Solve the simultaneous questions:
(a) x+y+z=-3 (1)
x-y-2z=13 (2)
y-4z=25 (3)
(b)x+2y+3z=-14 (1)
2x+3y-z=13 (2)
3x-y+2z=-7 (3)
I did this for you when you were Saphina AlMatary
http://www.jiskha.com/display.cgi?id=1477322557
I gave you a good hint for the second one
Did you even look at it?
In (a),
y=4z+25
so, use that in (1) and (2). Then you just have to solve two equations.
Similarly in (b), #3 gives
y = 3x+2z+7
Use that in (1) and (2)
To solve simultaneous equations, we can use the method of substitution or elimination. I will explain the method of elimination for both sets of equations.
(a)
To solve this set of equations using elimination, we can eliminate one variable at a time.
Step 1: Start by multiplying one or both equations by a suitable constant so that when added or subtracted, one variable will cancel out.
In this case, we can eliminate the variable x by multiplying equation (2) by -1 and equation (3) by 2.

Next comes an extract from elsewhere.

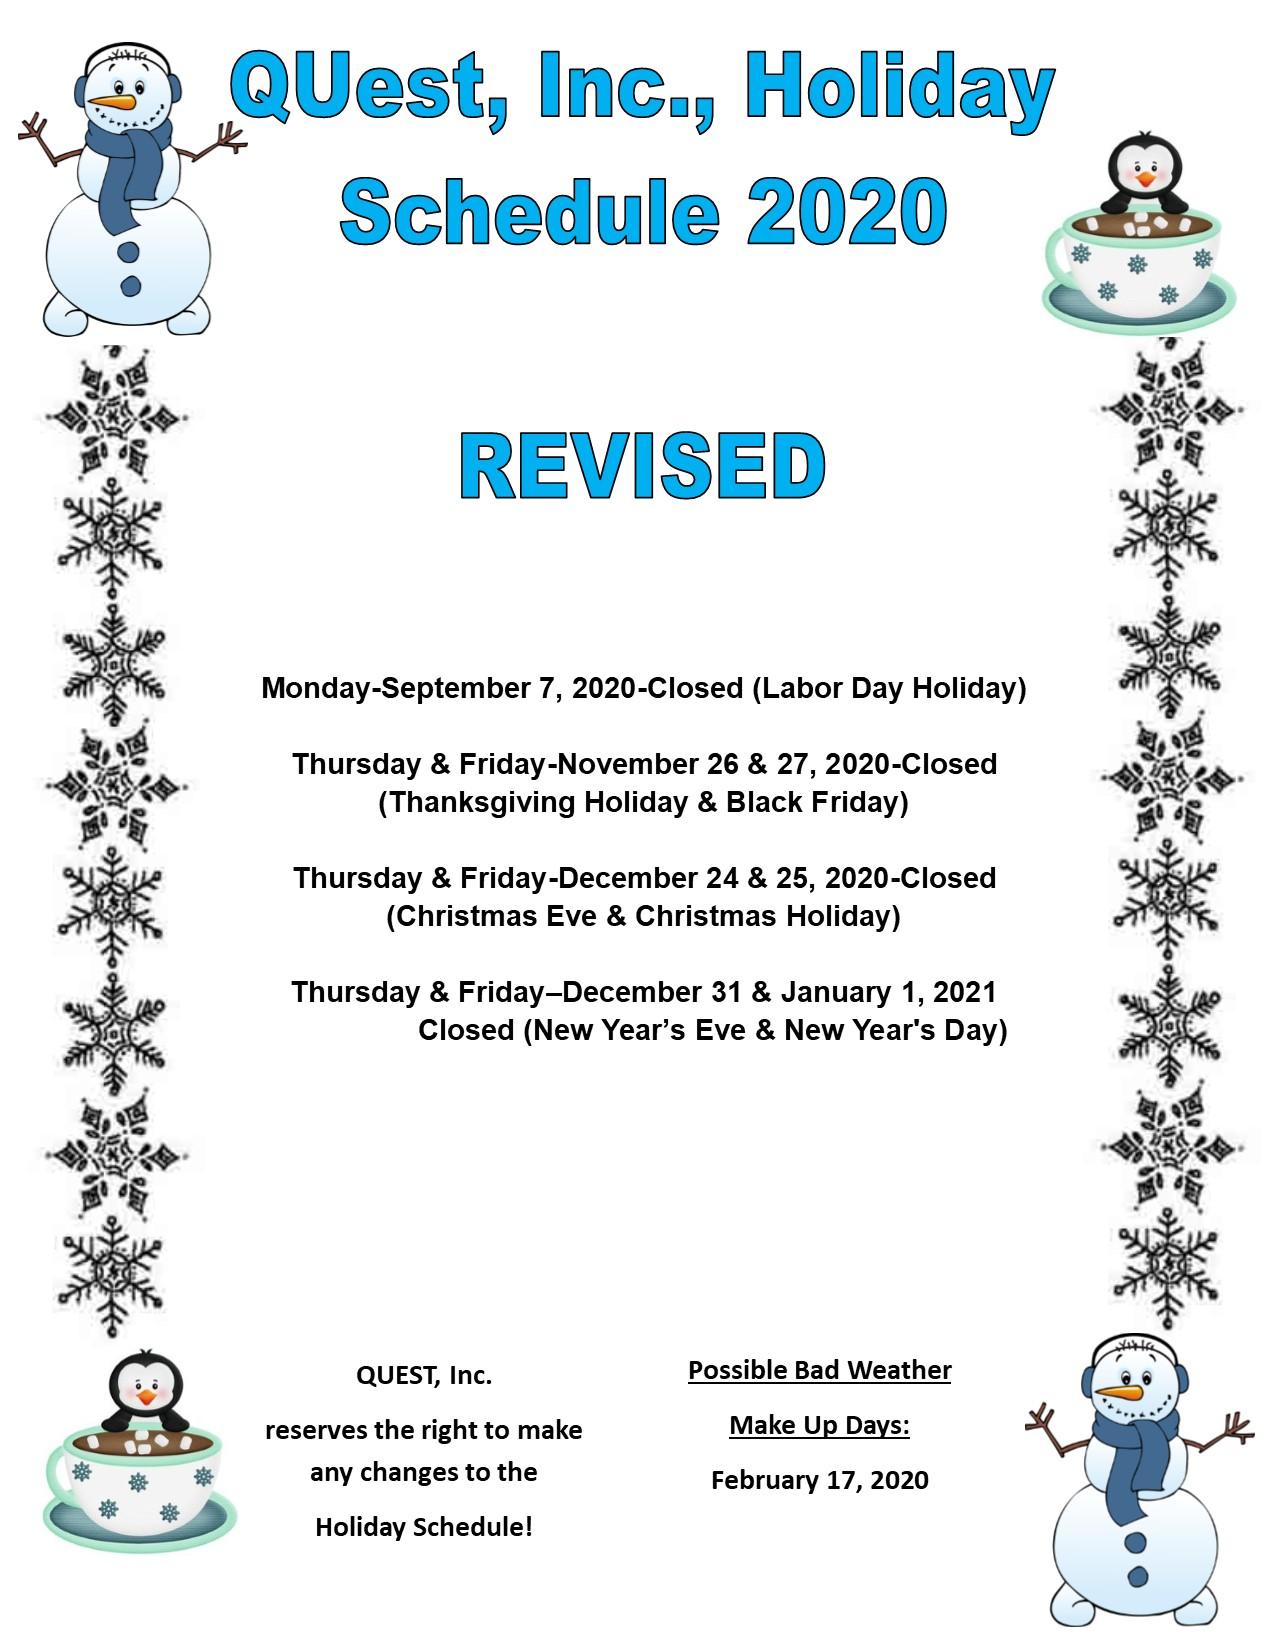 Holiday Schedule 2020 UPDATES

Equation (2) multiplied by -1: -x + y + 2z = -13 (4)
Equation (3) multiplied by 2: 2y - 8z = 50 (5)
Step 2: Now, we can eliminate the variable y by multiplying equation (4) by 2 and equation (5) by 1.
Equation (4) multiplied by 2: -2x + 2y + 4z = -26 (6)

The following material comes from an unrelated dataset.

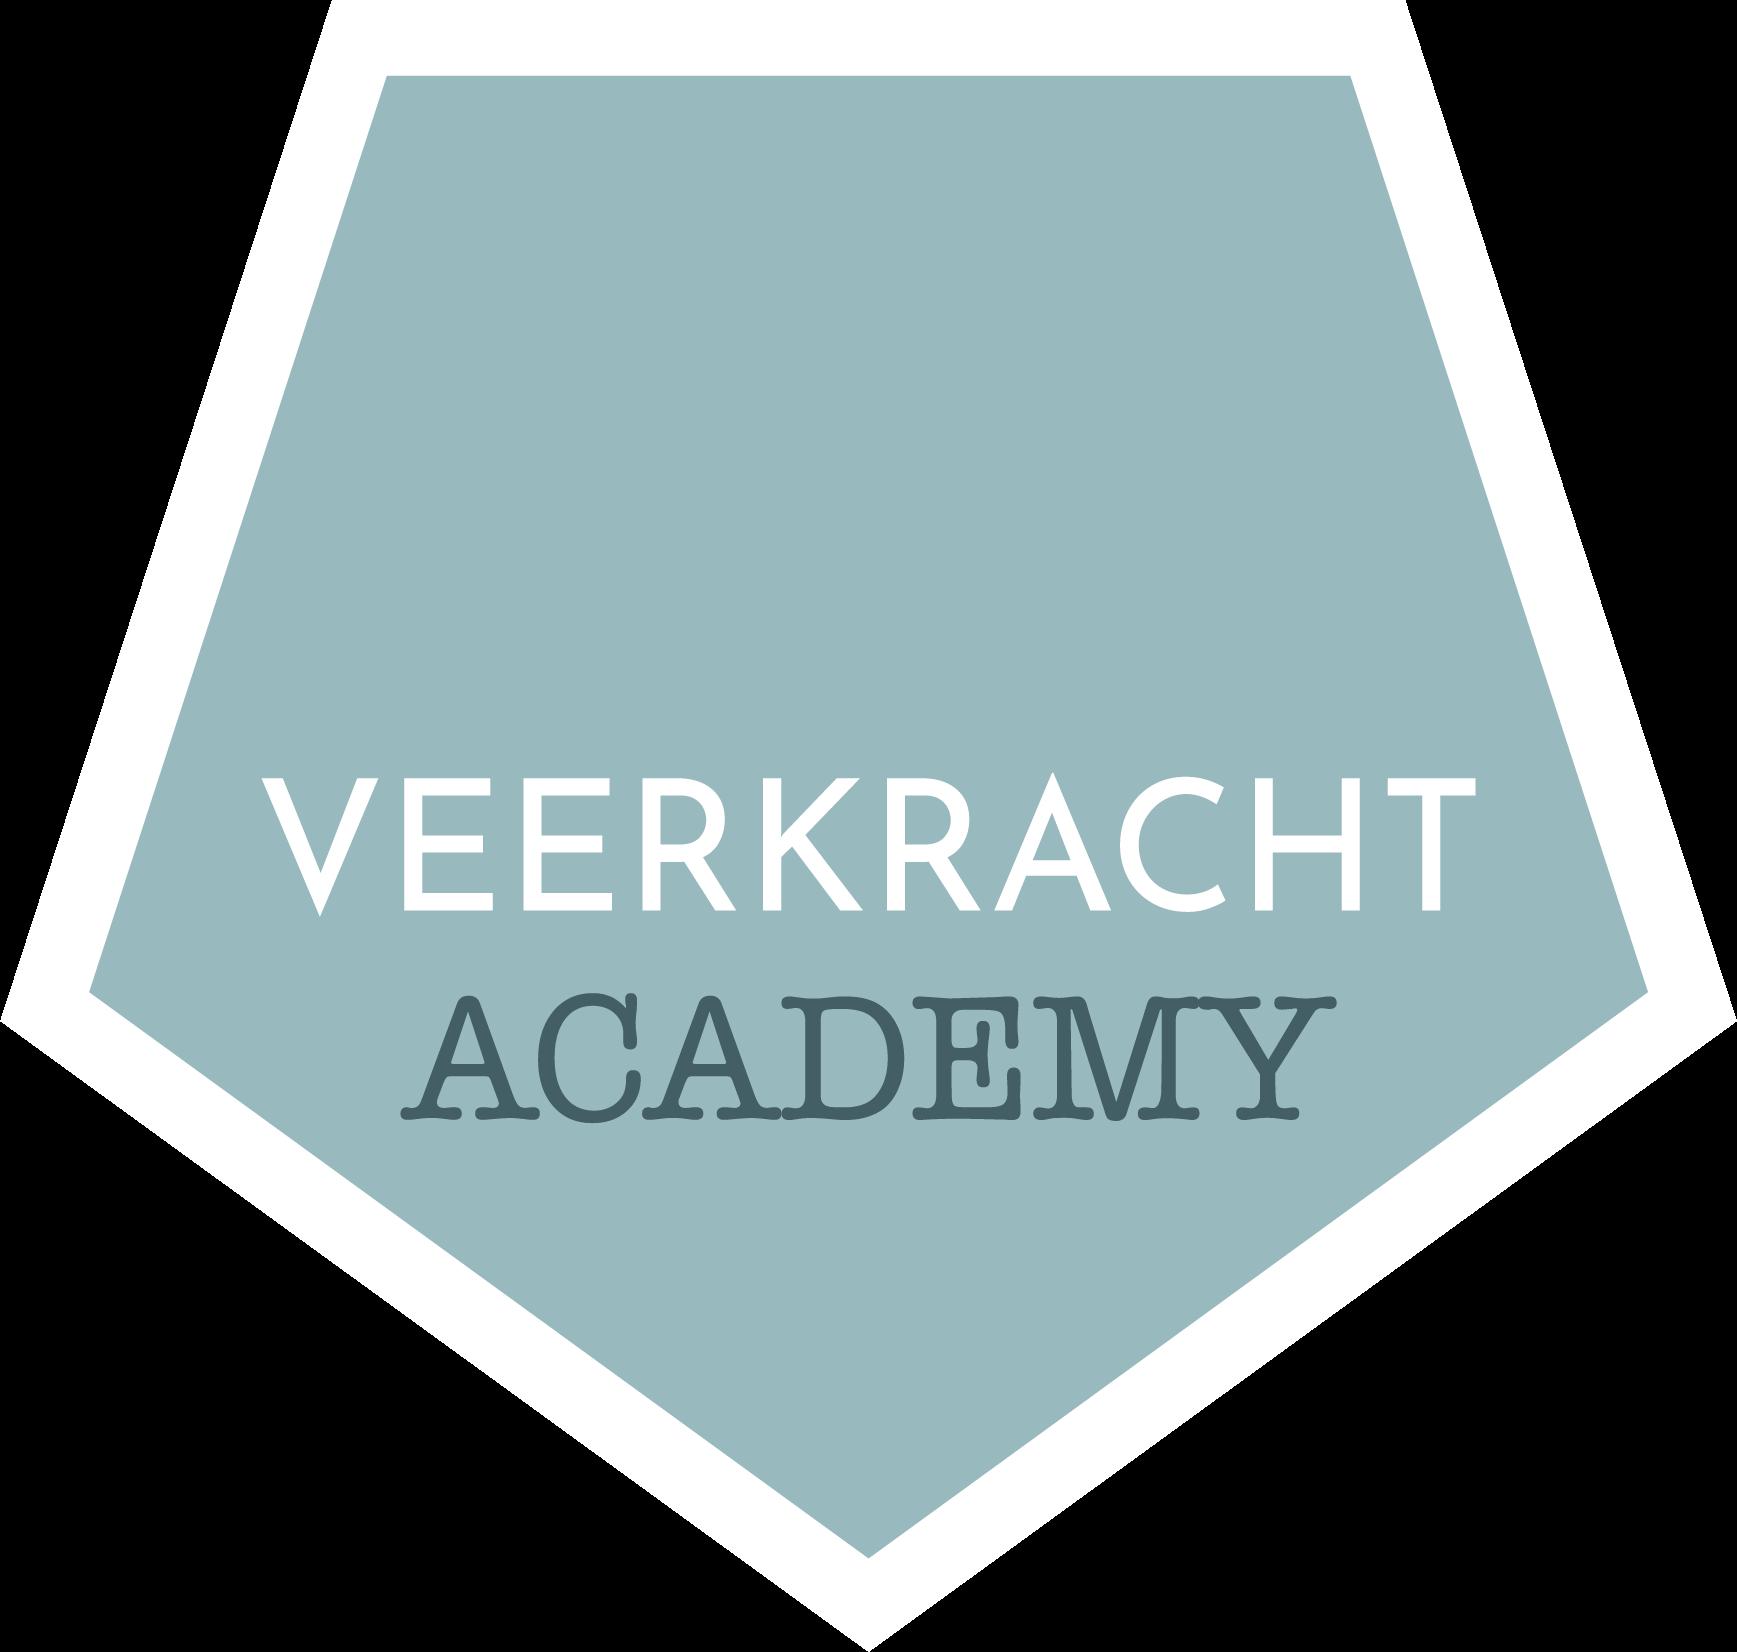 Veerkracht Academy

Equation (5) multiplied by 1: 2y - 8z = 50 (7)
Step 3: Add or subtract the equations to eliminate the variable y.
Equation (6) + Equation (7): -2x + 2y + 4z + 2y - 8z = -26 + 50
4z = 24
z = 6
Step 4: Substitute the value of z back into one of the original equations to solve for y.

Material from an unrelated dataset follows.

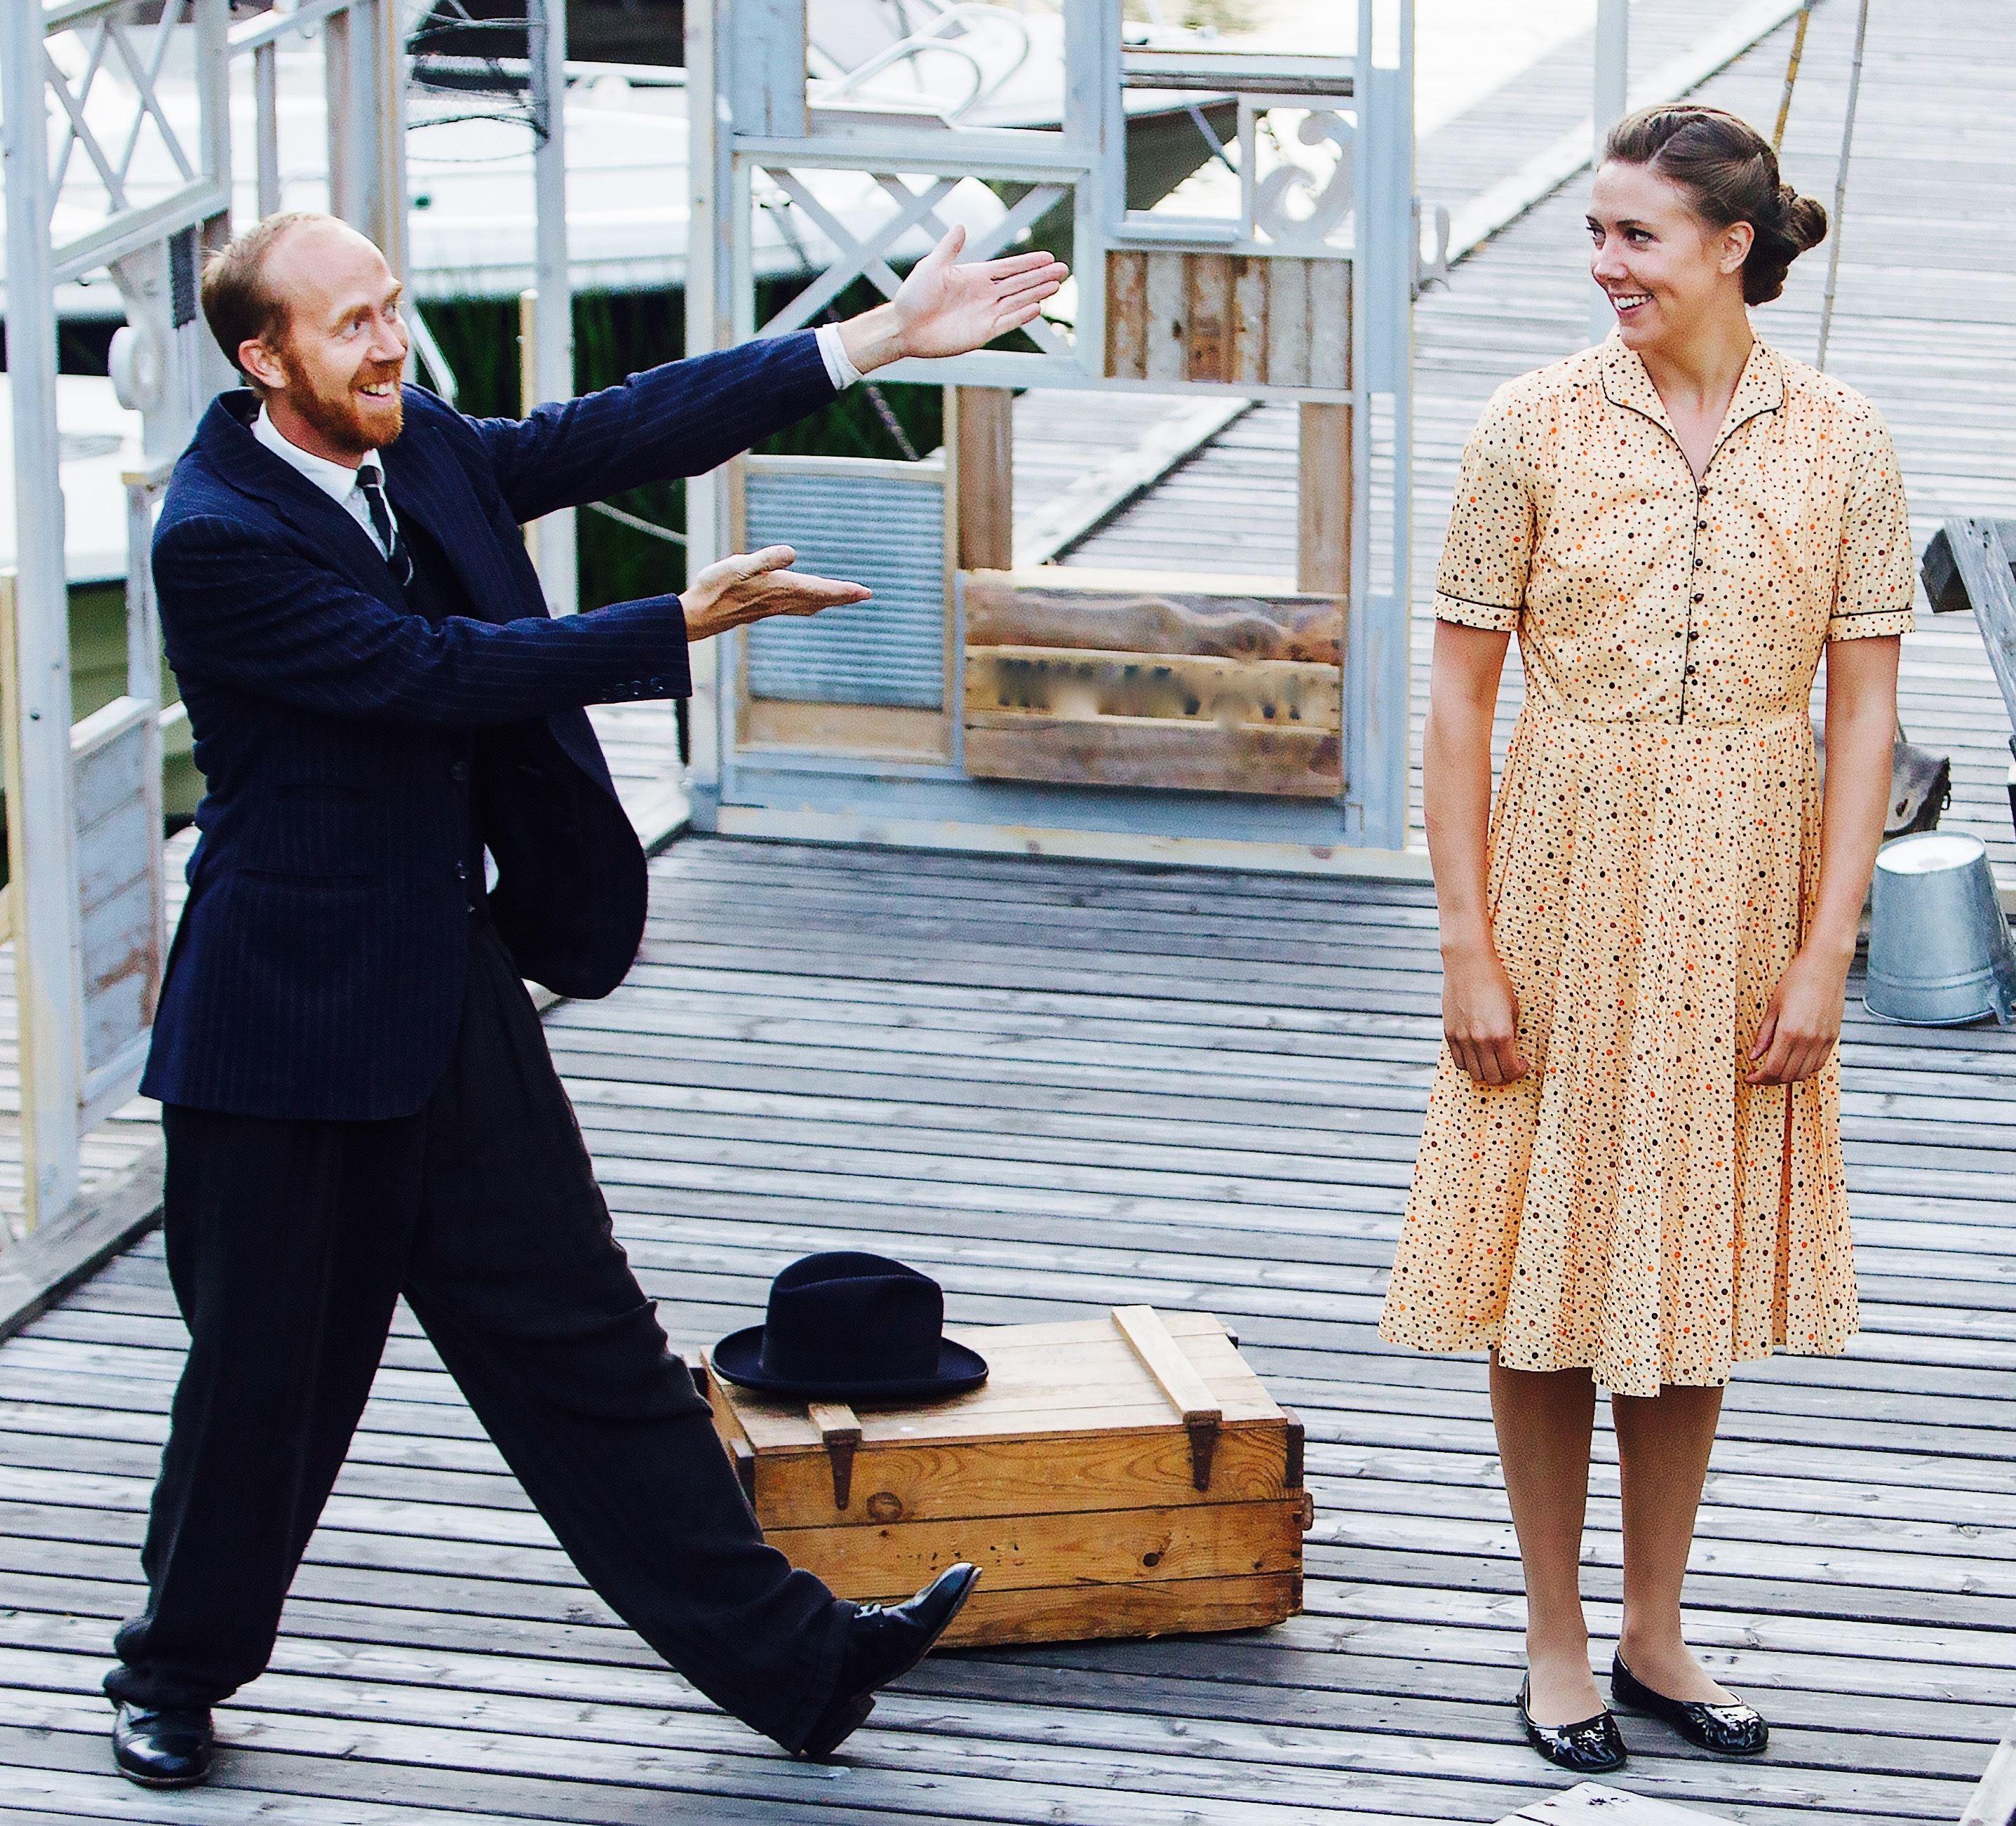 Torsdagsteater i det fria, dramakomedin Talley´s Folly av Lanford Wilson.

Using equation (3): y - 4z = 25
y - 4(6) = 25
y - 24 = 25
y = 49
Step 5: Substitute the values of y and z back into one of the original equations to solve for x.
Using equation (1): x + y + z = -3
x + 49 + 6 = -3
x + 55 = -3
x = -58
So, the solution to the simultaneous equations in (a) is x = -58, y = 49, z = 6.
(b)
Following the same steps as above, we can solve this set of equations using elimination.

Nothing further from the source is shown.